→ RECORDS PROVIDED:
=======

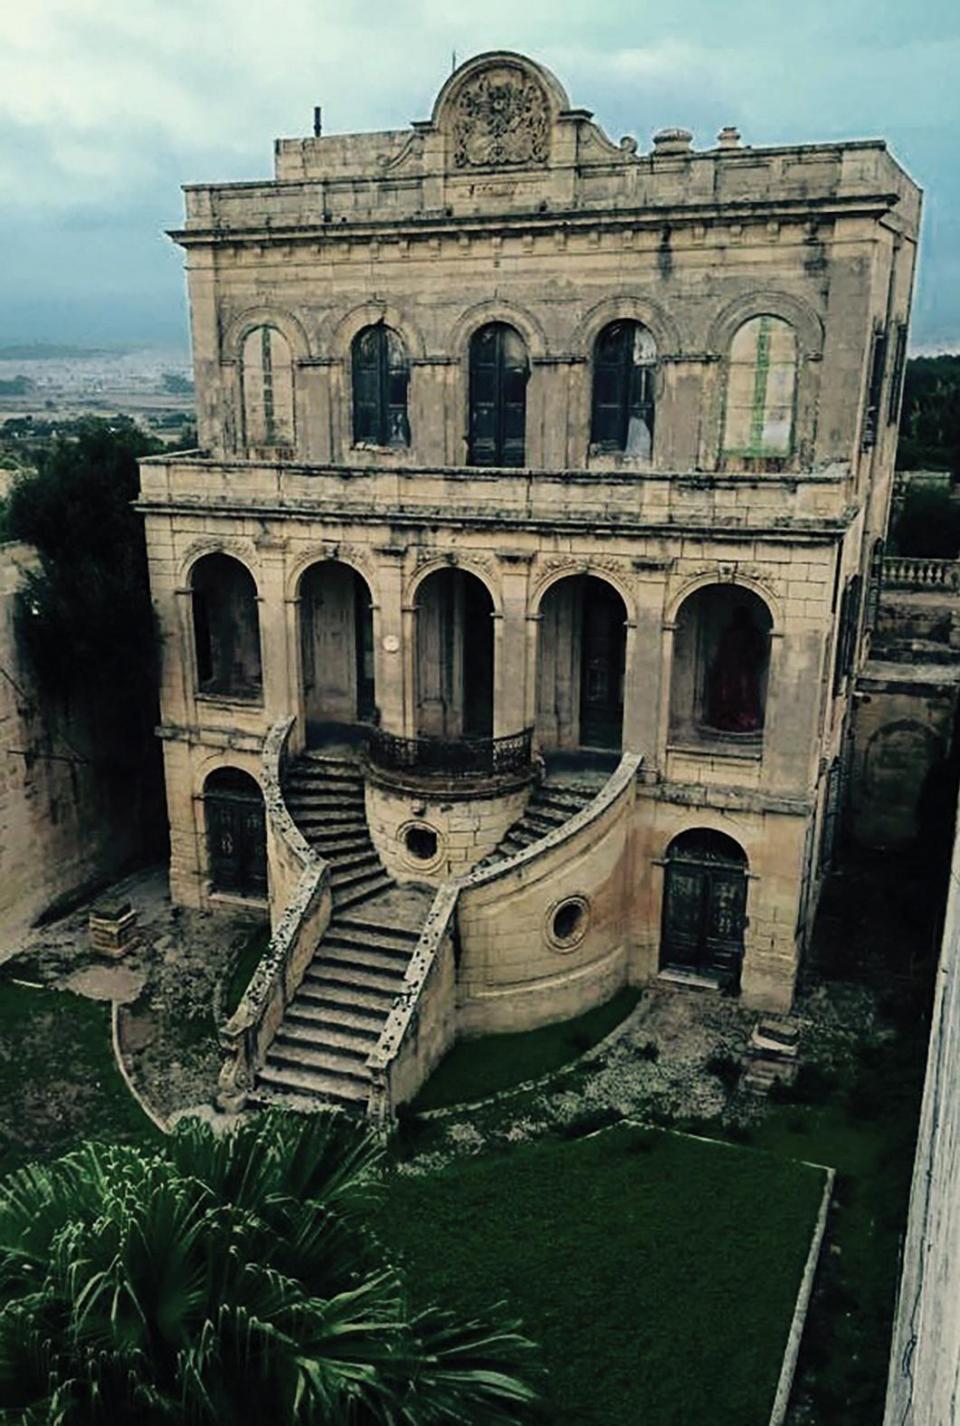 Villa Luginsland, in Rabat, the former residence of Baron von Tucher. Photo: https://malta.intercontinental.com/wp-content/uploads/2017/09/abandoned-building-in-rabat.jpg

=======

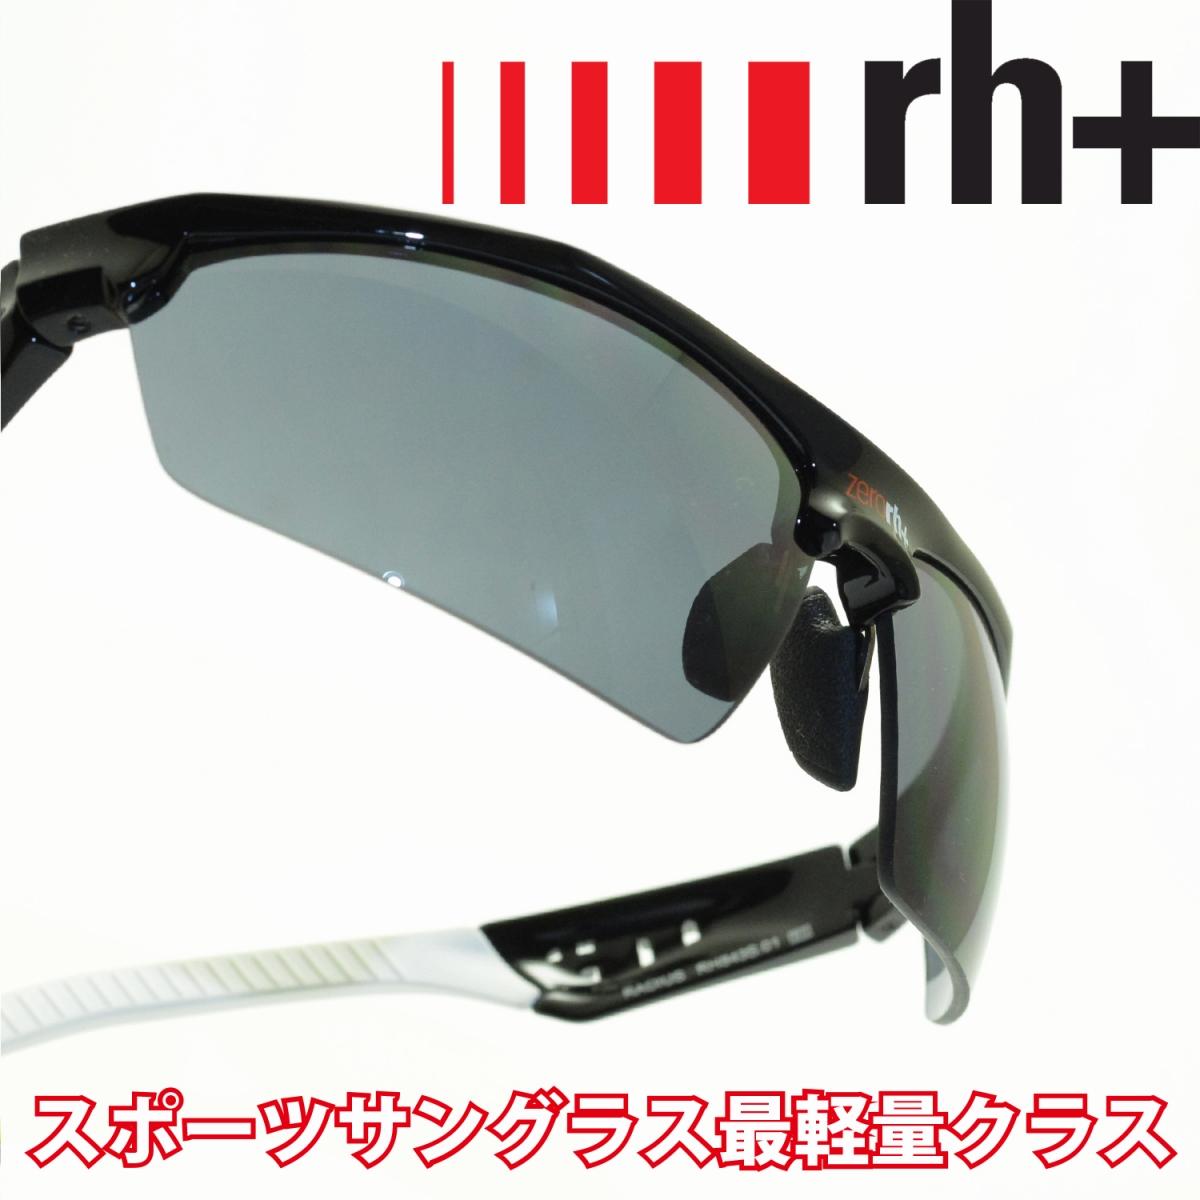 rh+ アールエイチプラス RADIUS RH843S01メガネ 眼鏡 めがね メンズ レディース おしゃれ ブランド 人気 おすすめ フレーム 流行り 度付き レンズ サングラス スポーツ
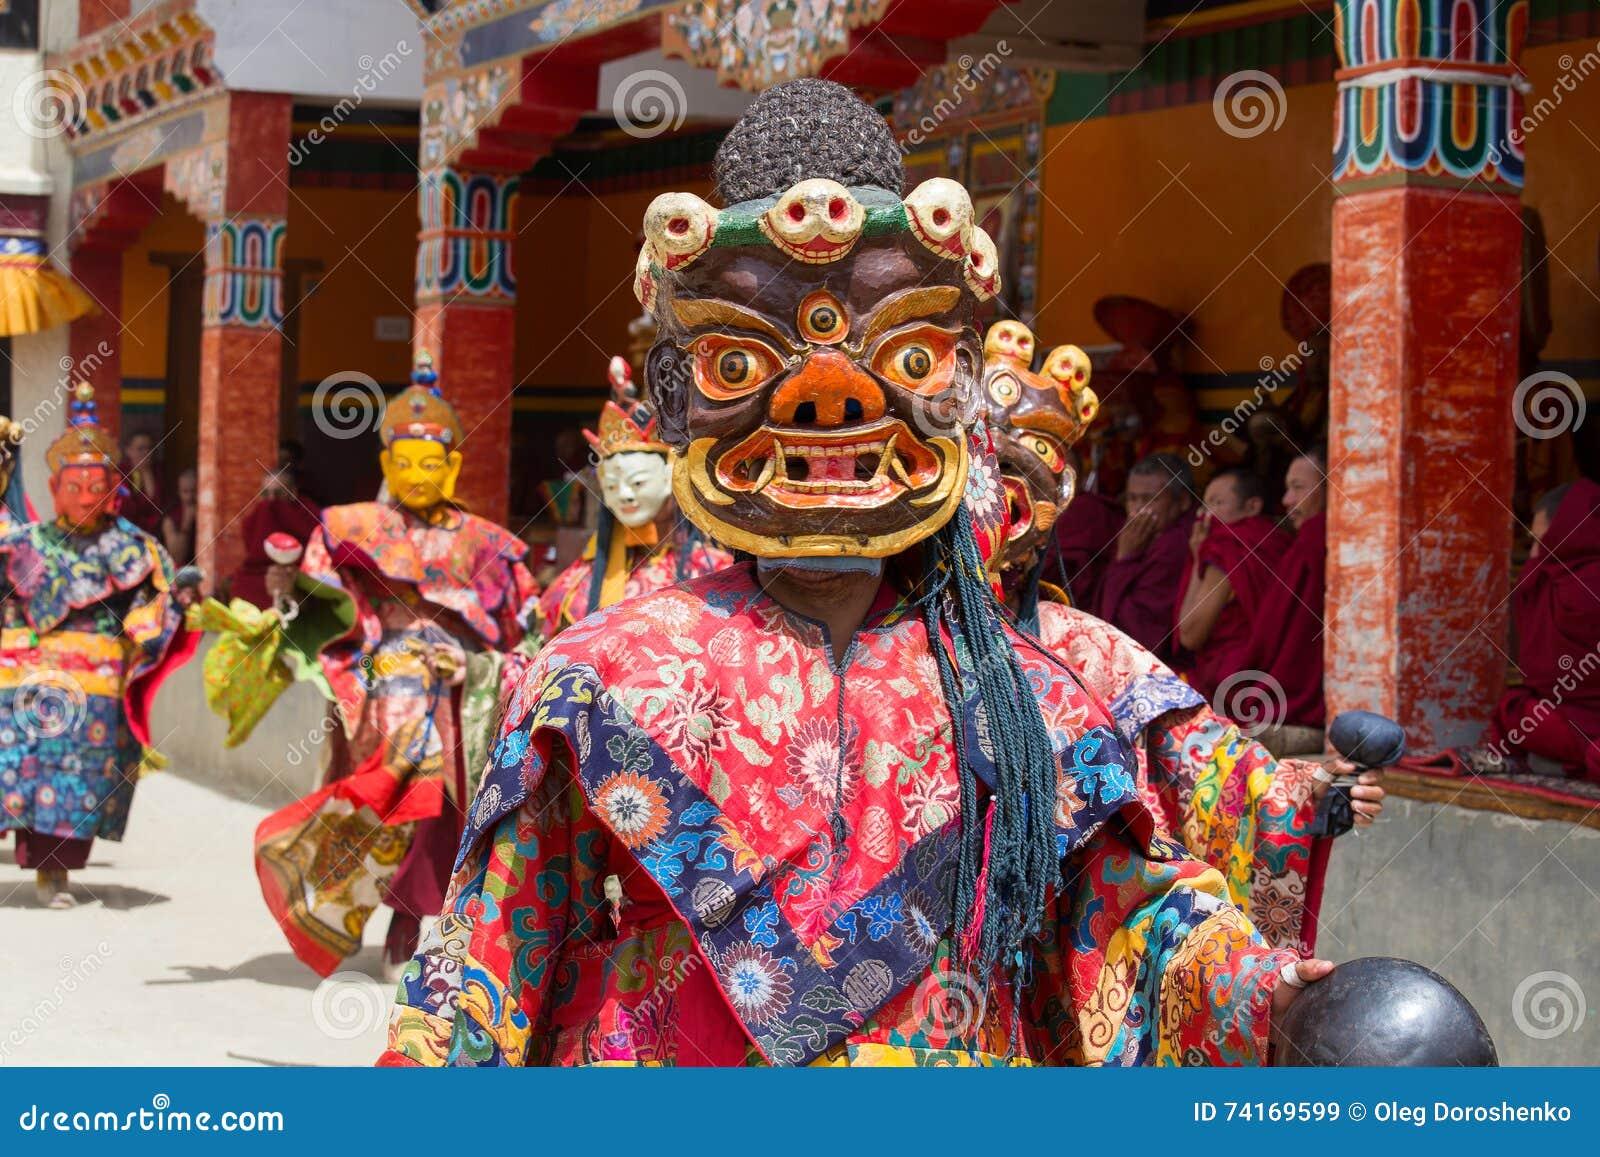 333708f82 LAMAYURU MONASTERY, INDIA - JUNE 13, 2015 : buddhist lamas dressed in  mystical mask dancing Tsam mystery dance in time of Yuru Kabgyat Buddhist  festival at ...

=======

→ PROBLEM STATEMENT:
Copy back exactly the lines above from the one containing "rh+ アールエイチプラス RADIUS" through the one containing "333708f82 LAMAYURU MONASTERY, INDIA", and leave every picture behind.

→ ANSWER FOR THE TASK:
 rh+ アールエイチプラス RADIUS RH843S01メガネ 眼鏡 めがね メンズ レディース おしゃれ ブランド 人気 おすすめ フレーム 流行り 度付き レンズ サングラス スポーツ
 333708f82 LAMAYURU MONASTERY, INDIA - JUNE 13, 2015 : buddhist lamas dressed in  mystical mask dancing Tsam mystery dance in time of Yuru Kabgyat Buddhist  festival at ...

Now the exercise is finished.